## Data excerpt
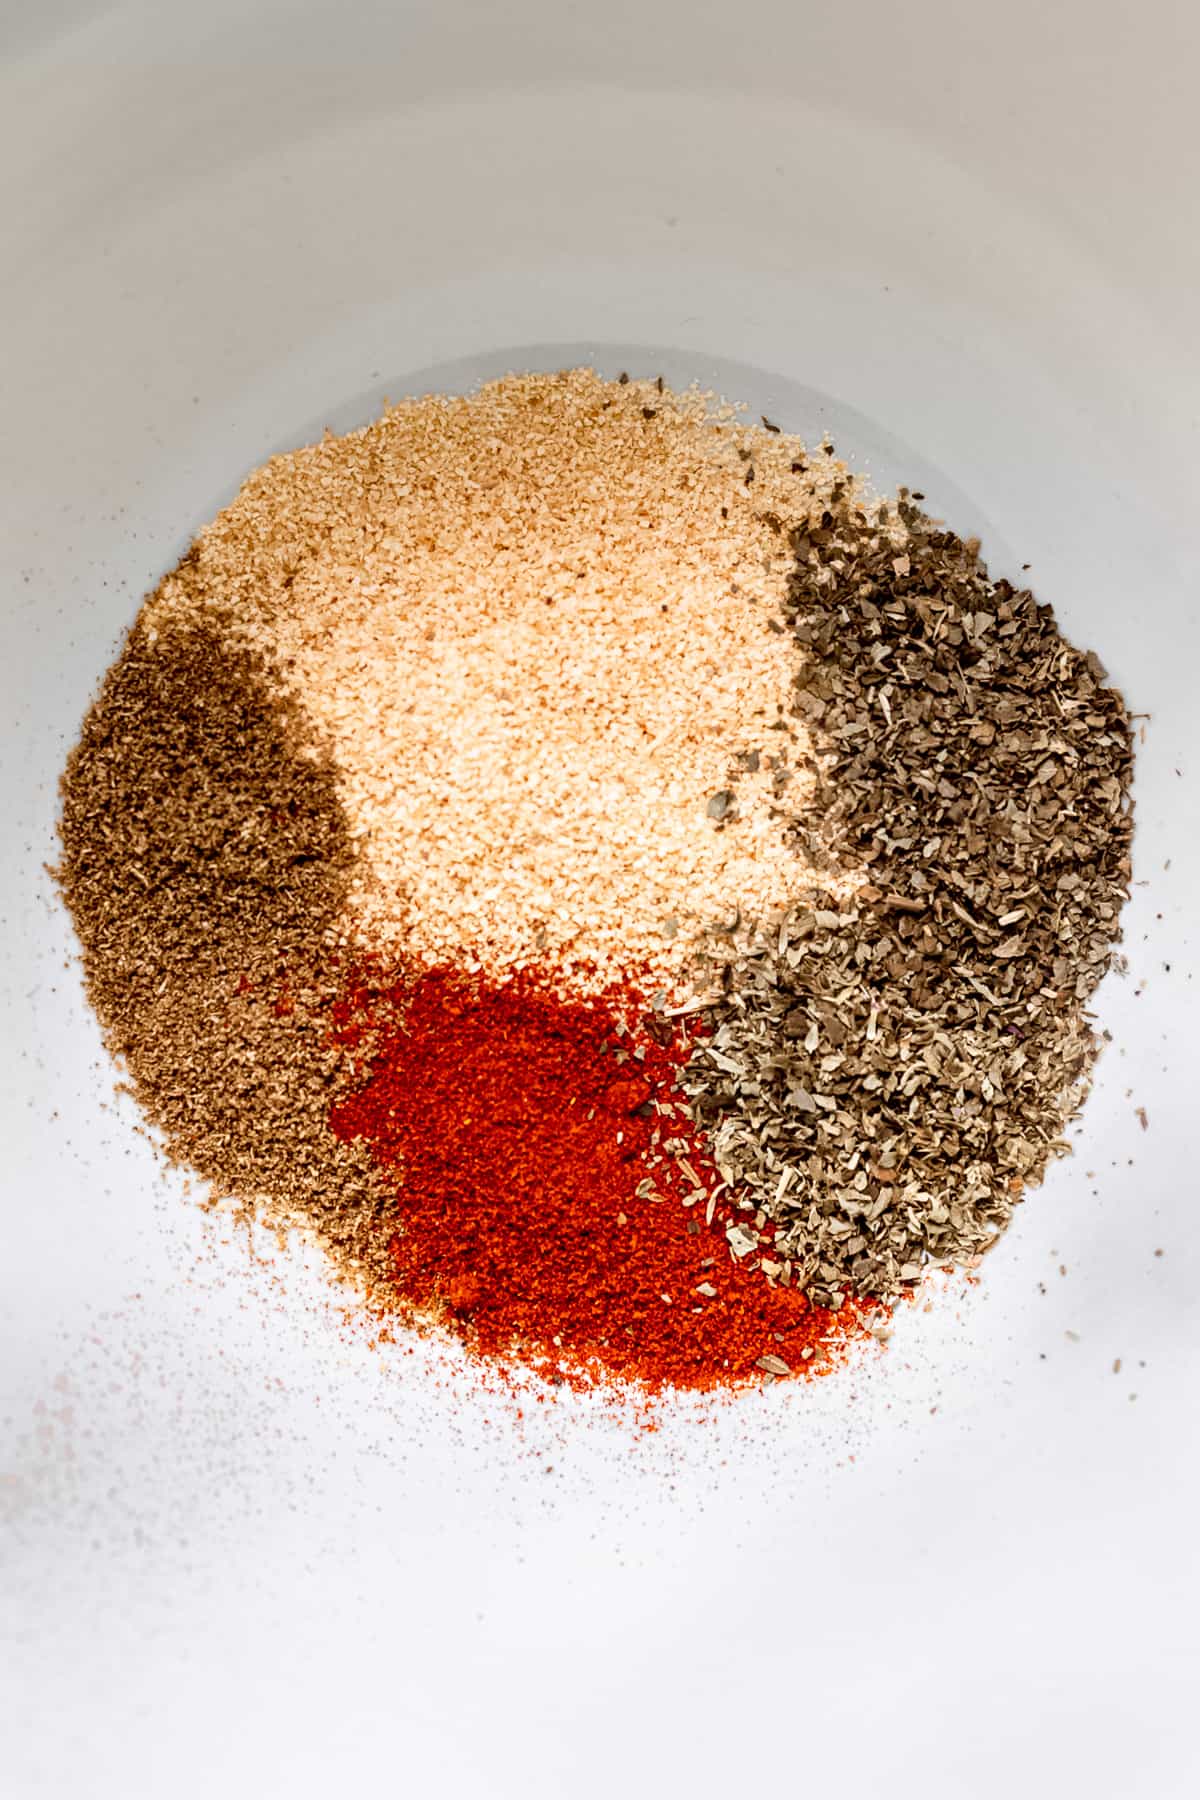 Spice rub in a white bowl.
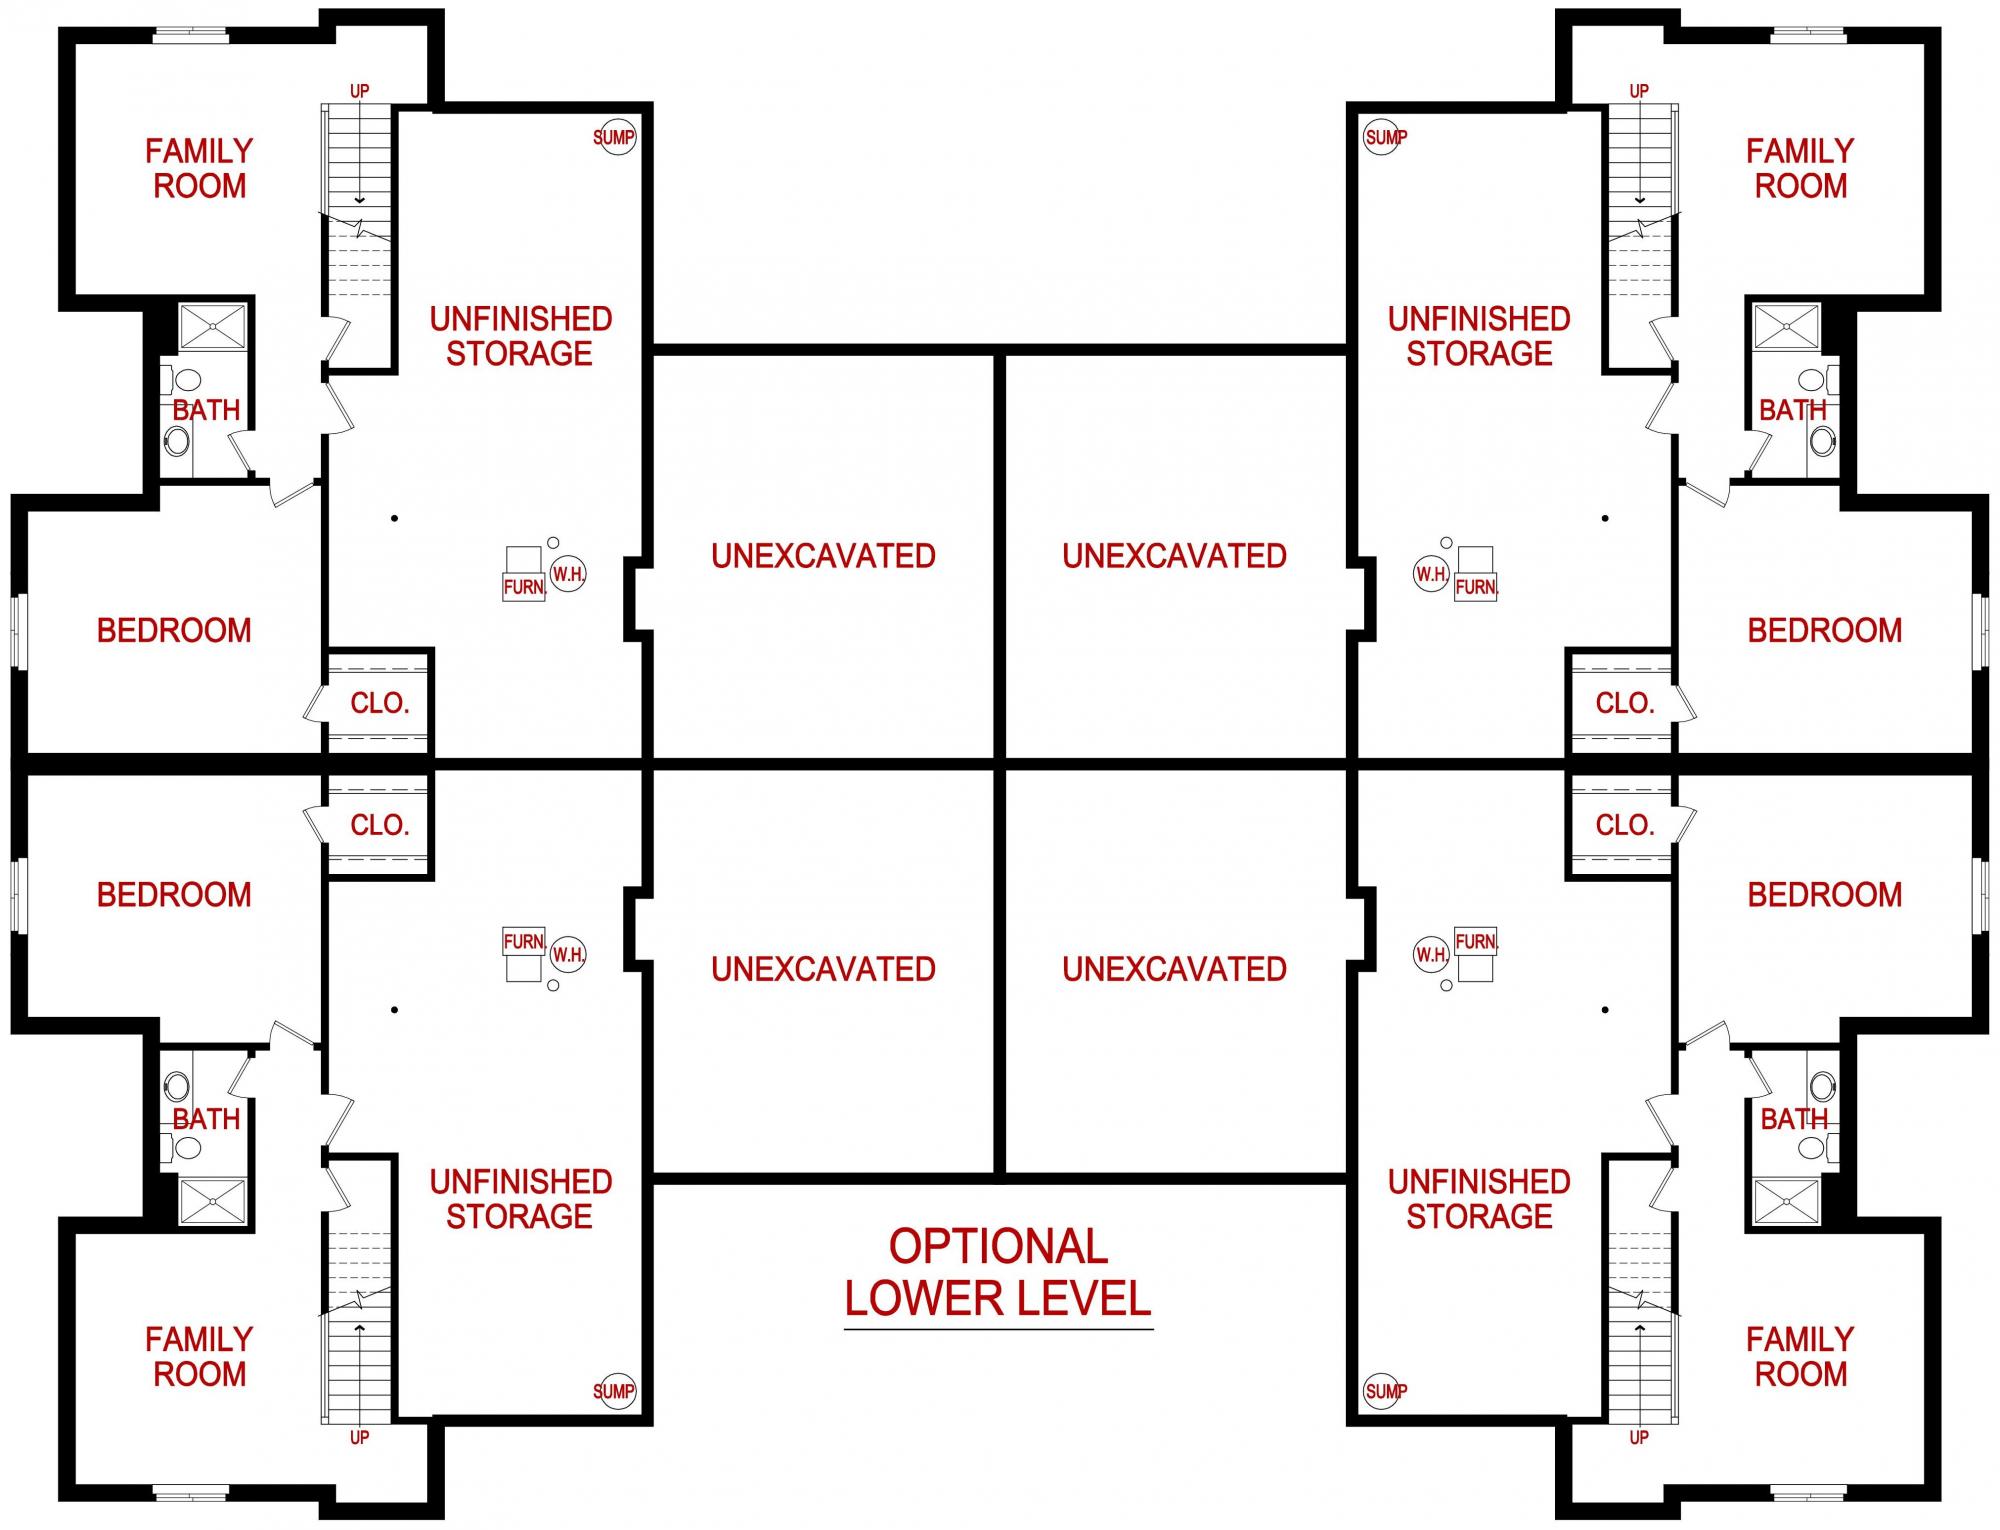 Lower level floor plan for the minor model from Lambie custom homes
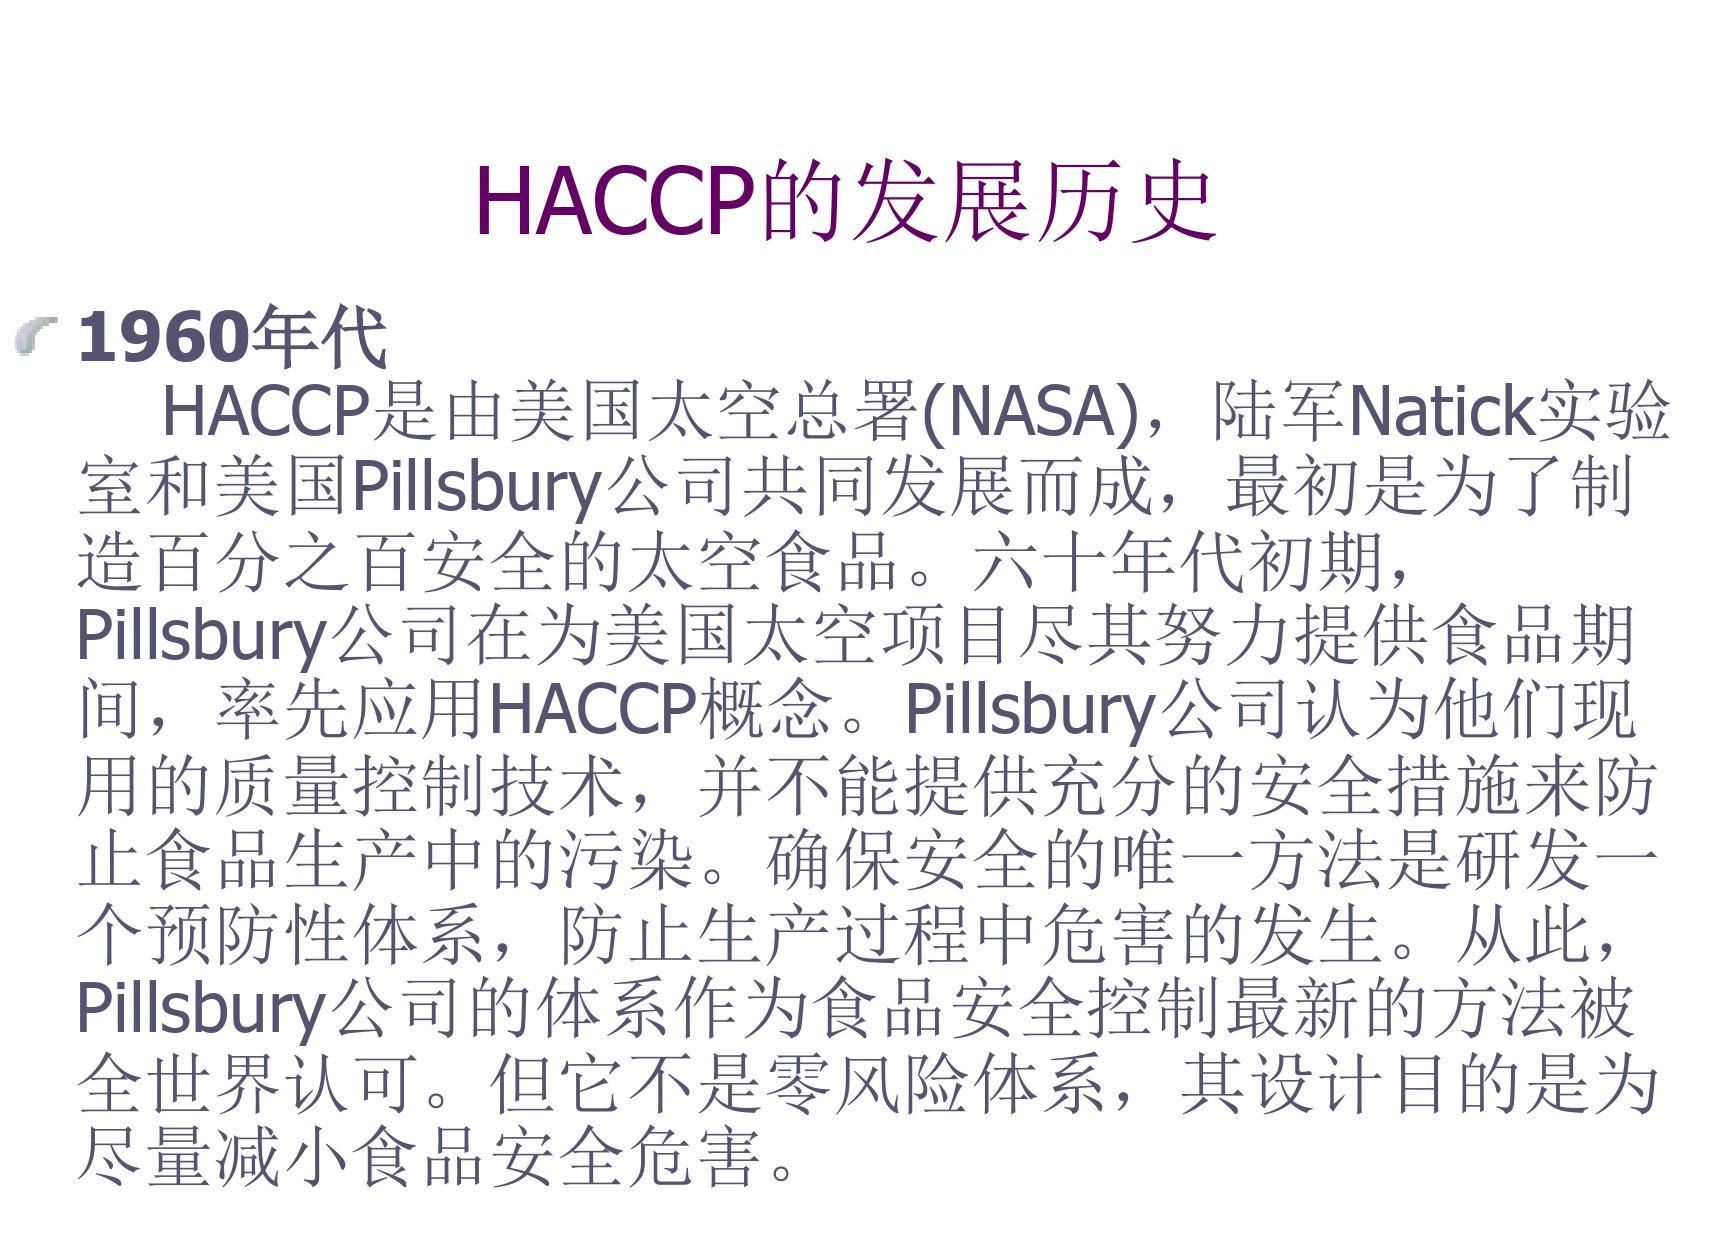 HACCP基础知识培训资料
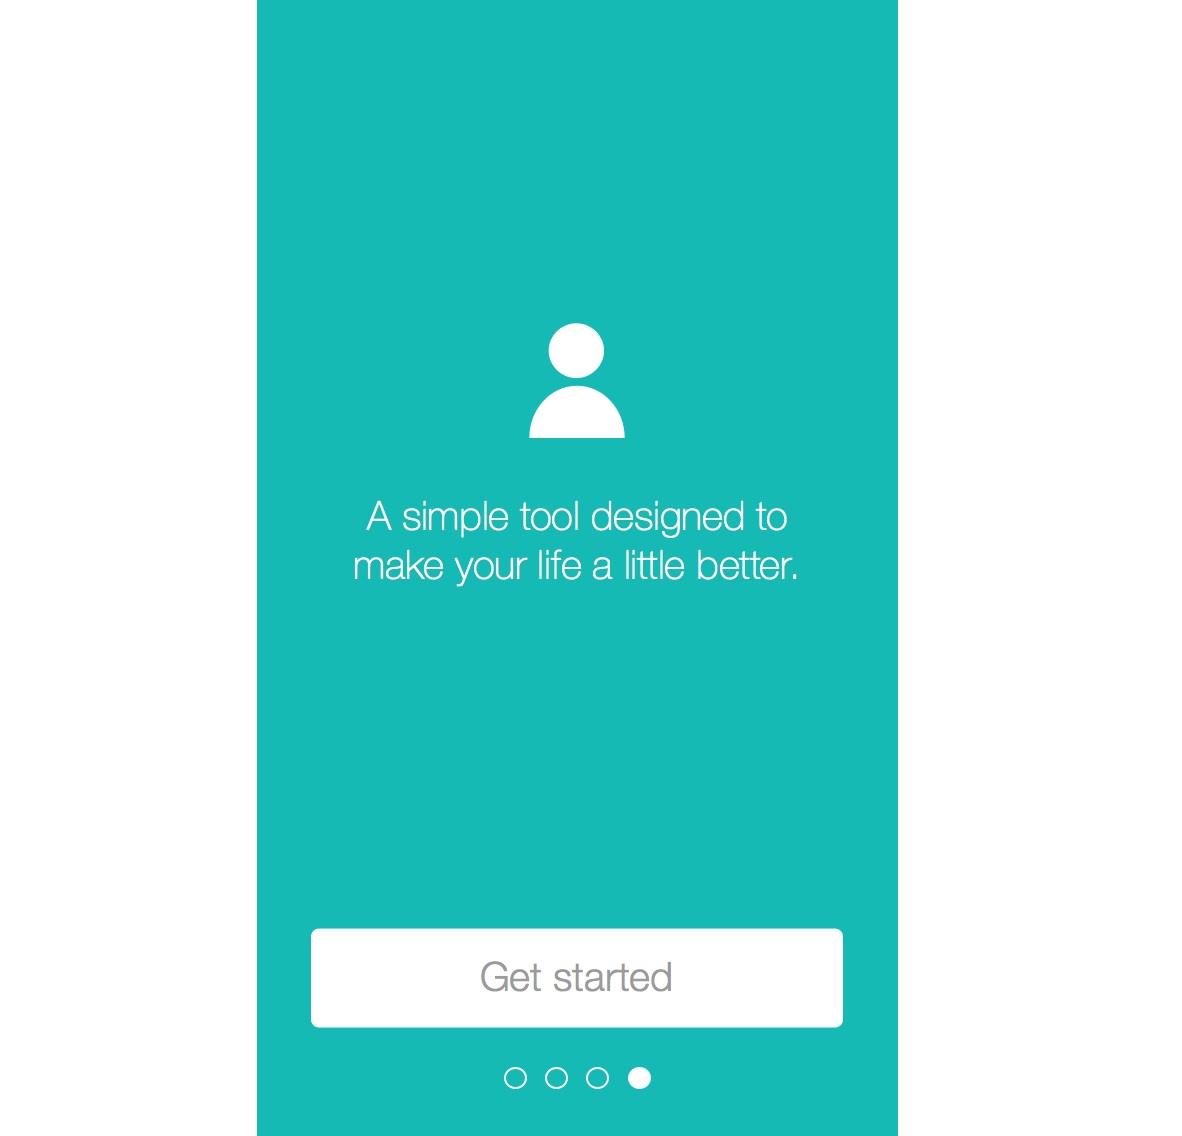 ux user experience user interface design human-centered design app design social network social app

## Task to carry out
Print all the material above exactly, and drop the images.

## Task result
 Spice rub in a white bowl.
 Lower level floor plan for the minor model from Lambie custom homes
 HACCP基础知识培训资料
 ux user experience user interface design human-centered design app design social network social app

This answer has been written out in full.